At the 2025 Seattle Art Fair, glass took centre stage — not just as a medium, but as legacy, language, and lens — tracing Seattle’s pivotal role in shaping the Studio Glass Movement while spotlighting where the medium is headed next.

Glasswork arrived late to the American art world. While Europe spent centuries refining its techniques, the U.S. treated glass as industry: factory-made, functional, and anonymous. That began to change in the early 1960s, when artists started working with glass in their studios, embracing it as a medium for experimentation and self-expression. This shift became known as the Studio Glass Movement, which took root in the Pacific Northwest, thanks to pioneering institutions such as the Pilchuck Glass School and the Museum of Glass.
“There are so many artists living and working in Seattle who experiment with this medium, so we figured, why not tell a broader story this year?” said Fair Director Kelly Freeman. That story spans both legacy and innovation, spotlighting not only the artists and institutions shaping the future of contemporary glass but also the process itself, with panels and programmes that foreground the making as much as the final work.

“We’re not just showing glass, we’re talking glass, we’re teaching glass… we’re making glass,” said Freeman, “We are touching every point.”
This year, the Seattle Art Fair returned to the Lumen Field Event Center for its ninth edition, serving as both a centrepiece for the Pacific Northwest’s arts community and a destination for contemporary work from around the world. The fair brought together 88 local, national, and international galleries, alongside live performances and institutional collaborations. It also welcomed more than 24,000 fairgoers.
The heat was palpable at the entrance of the event centre, where a live glassblowing demo set the tone, offering a rare, up-close look at the process before visitors encountered the polished results inside. Presented in partnership with Pilchuck Glass School and the Museum of Glass, the demonstration transformed molten, lava-like liquid into form, story, and spectacle. “What’s more historical than the process itself?” said Freeman.

Inside the fair, the Corning Museum of Glass mounted a regional pop-up spotlighting Seattle-based artist Kelsey Fernkopf. Curated by Tami Landis, CMoG’s curator of Postwar and Contemporary Glass, the installation drew from New Glass Review 44, the museum’s annual snapshot of global innovation in the medium. Fernkopf’s neon, otherworldly sculptures pulse through the space, blurring the lines between object, architecture, and atmosphere. Landis also moderated a panel with Fernkopf to talk about her creative process.
A nod to the past grounded the fair’s forward-looking exhibitions. Dedicated tours and theatre programs centered on neon and glass traced Seattle’s deep ties to the Studio Glass Movement, reminding visitors that the city’s role in shaping the medium is as much historical as it is ongoing.

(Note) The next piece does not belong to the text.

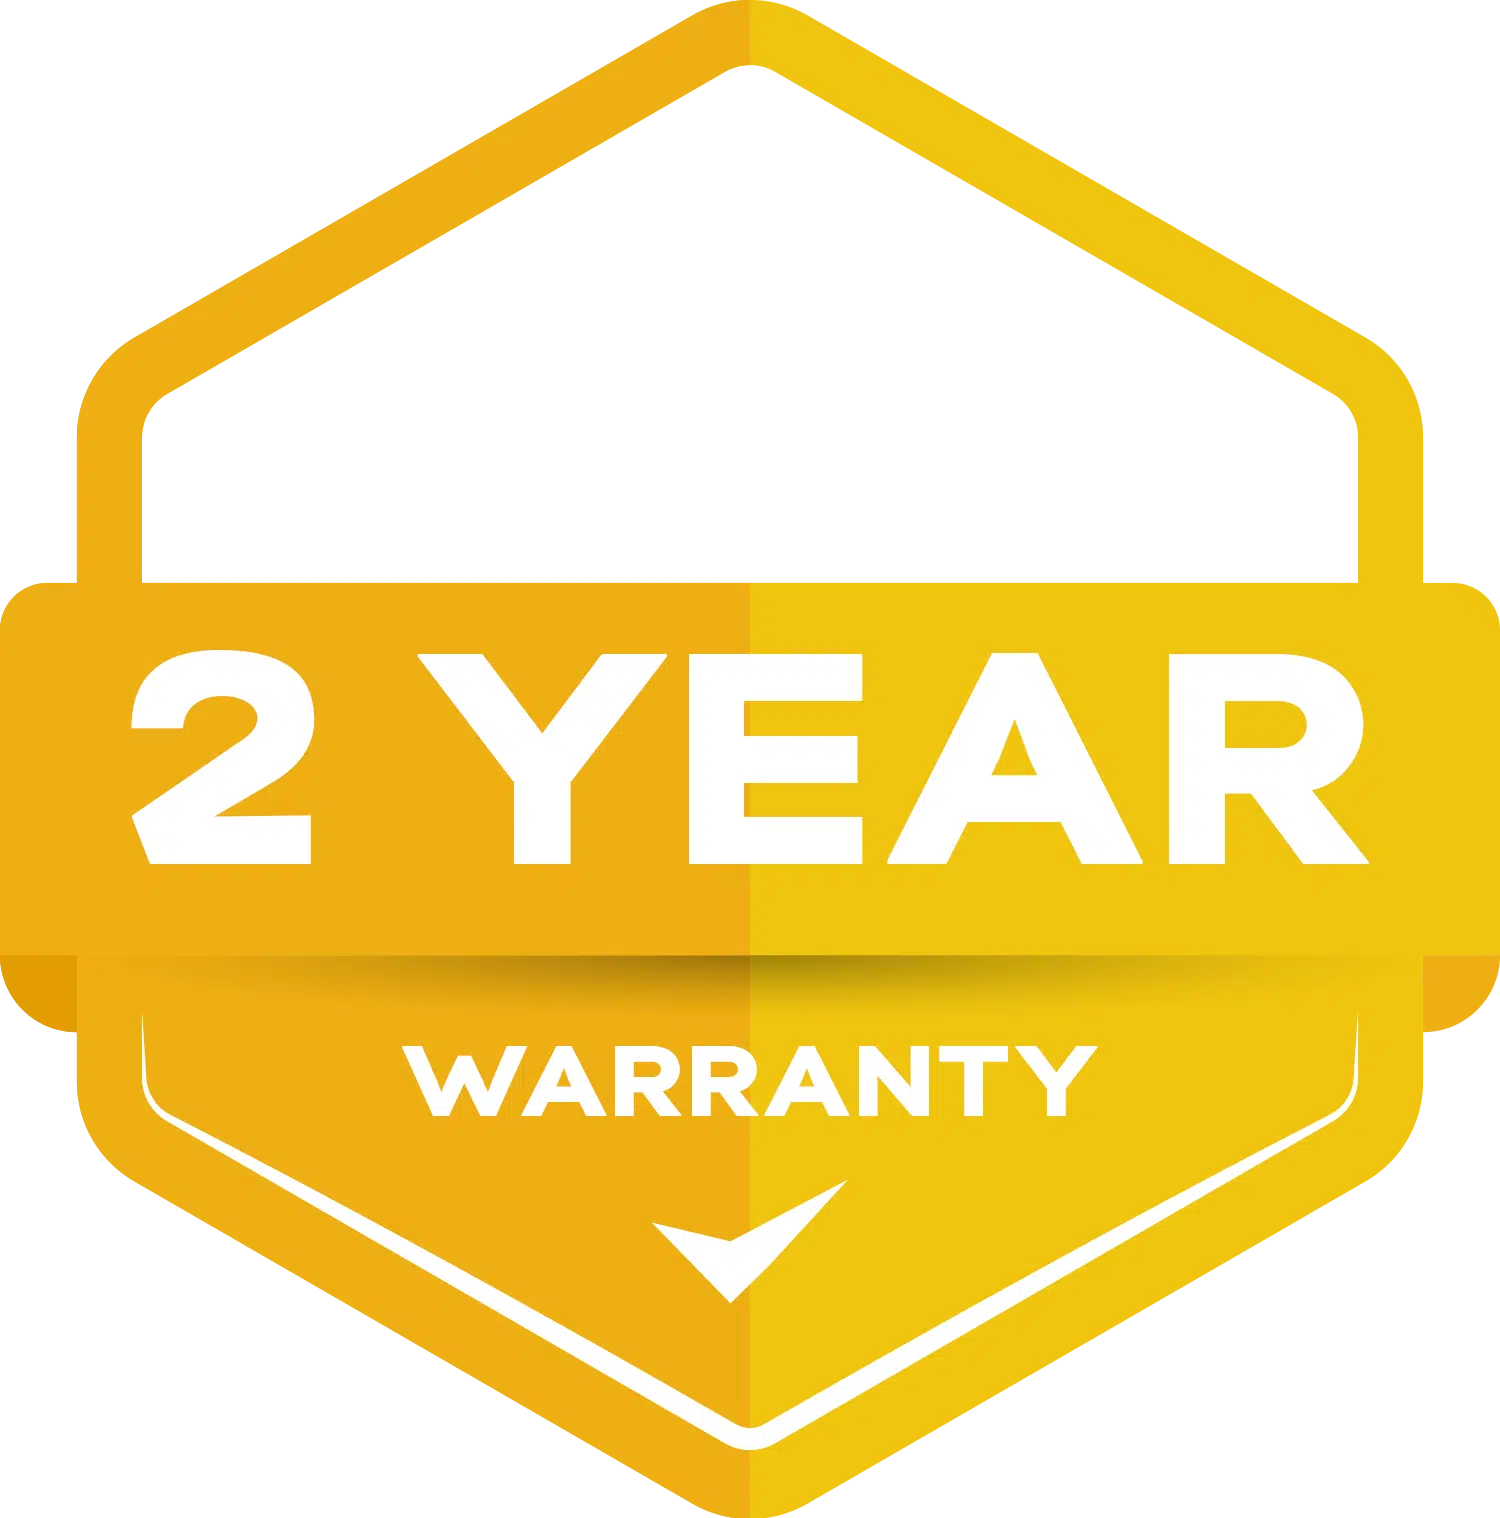 Extended Warranty 2 Year – P1000

Glass-focused presentations continued with Nine Lives, a group show from the Pittsburgh Glass Center featuring works by Sandra Bacchi, Chris Clarke, Matt Eskuche, Jason Forck, Kathleen Mulcahy, Lyla Nelson, SaraBeth Post-Eskuche, Gillian Preston, and Chris Ross. The exhibition cast a wide net across the medium, with each artist pushing glass in a different emotional or material direction. Nearby, Romson Regarde Bustillo’s To Make Hard Soft, presented by J. Rinehart Gallery, featured layered blown glass with textiles that referenced Southeast Asian burial rites. The result is a quiet, meditative sculpture mapping the edges of memory, loss, and cultural lineage. Other exhibitors showcasing glass artists include JC2 Gallery, Stonington Gallery, and Traver Gallery, among others.
“This is a fair, very much about, and in support of, its region,” said Freeman. This year, 56 local nonprofit institutions partnered with the fair, underscoring its deep connection to the Seattle community.
Freeman hopes attendees walked away with more than a few photos and a list of their favourite booths. “[Seattle] is teeming with creative activity, and I always want the attendee to leave inspired, and take advantage of that the remaining 364 days of the year,” she said.